Dr. Gomez, both hands still in the air, directs one at Shelby, using her hand as a stop sign. "You don't
have to speak, but please know you're safe in here. Despite Shelby's outburst, we're all pulling for one another in this group. Now"—she lowers her arms and settles her hands back in her lap—"I'm sure you have many things to say that would be helpful to the rest of the group."
CRAZY GLUE
:
I'm sure he doesn't.
I nod. "Yeah, okay." I think of my dad and the can of soup I left on the counter for his lunch. I hope he's eating it. "I'm—uh, I'm grateful for soup."
Pete and Haze laugh, but Shelby makes this teeth-sucking noise and lets out another big sigh.
CRAZY GLUE
:
Soup!

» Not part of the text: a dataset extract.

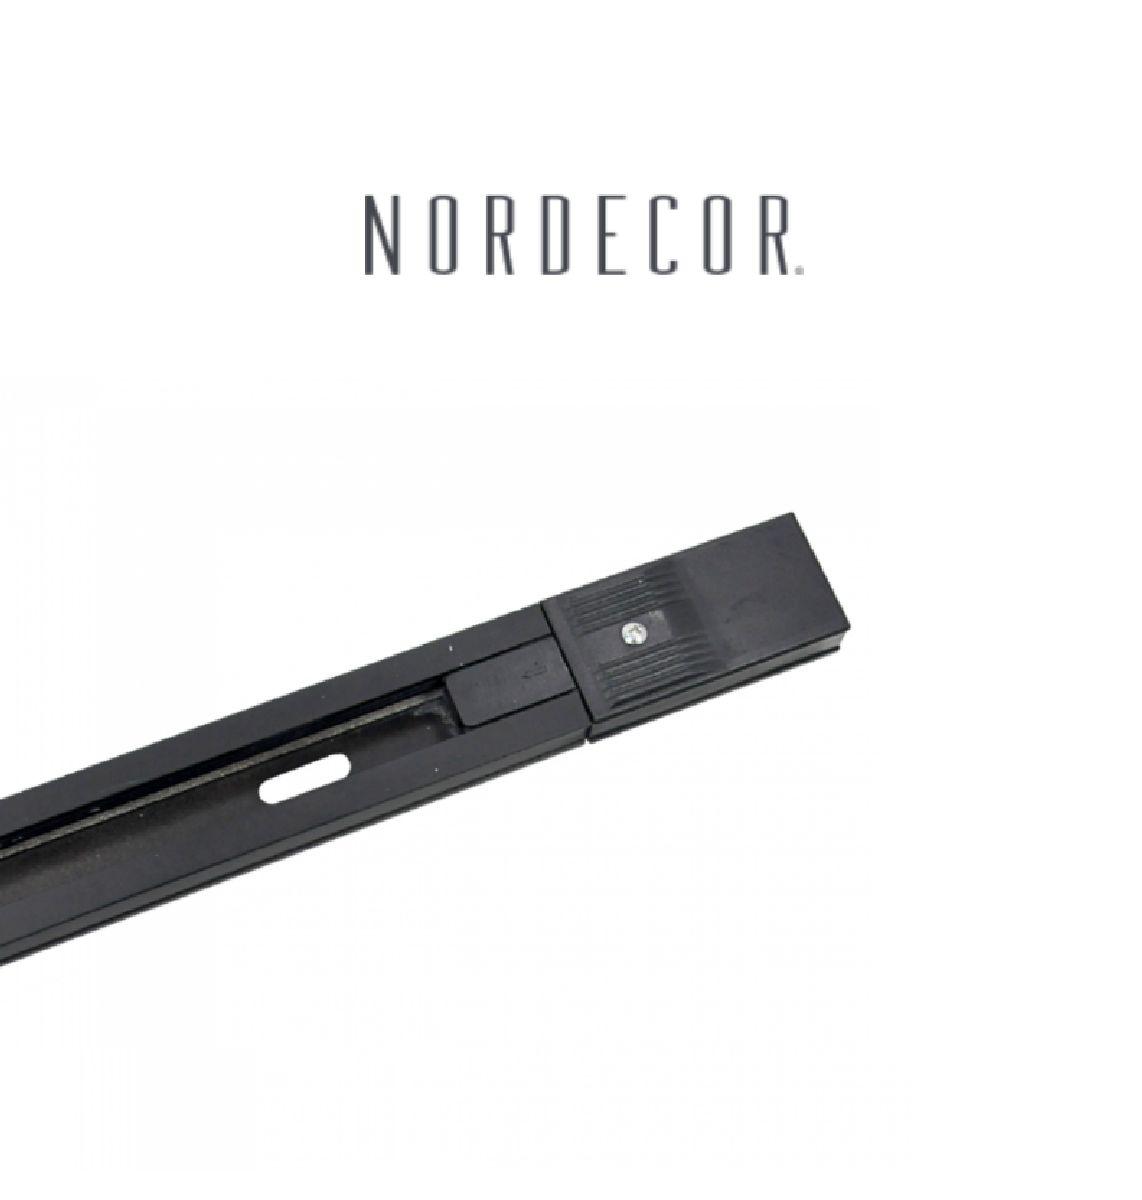 Kit Trilho Eletrificado 2m Preto Nordecor + 4 Spot Redondo MR16 / GU10 Para Sala Quarto Cozinha Quadro

Way to go, bozo.
LAUGH TRACK
:
(Laughter).
"Care to elaborate on that?" Dr. Gomez smiles at me, and this time it's her friendly, squinty-eyed smile.
CRAZY GLUE
:
No.
"Um, it's nourishing?"
Haze and Pete chuckle again, and Shelby shakes her head and rolls her eyes.
Dr. Gomez tilts her head as though trying to figure out whether I'm really this stupid.
LAUGH TRACK
:
Yes!
Then Gomez nods slowly as if she's understanding something very deep and, after another couple of seconds, changes direction. "Shelby, it's your turn."
Shelby raises her arms, then lets them flop in her lap. "Well, crap. I was going to say I'm grateful that Jason has joined our group, but now I don't know what to say."
"Well, I'm grateful," Pete says, and then Haze nods.
"Me too. Glad you're here, dude."
"Shelby," Dr. Gomez says, "why don't you tell Jason why you particularly wanted him to join us."
LAUGH TRACK
:
(Everyone's mouth hangs open in disbelief).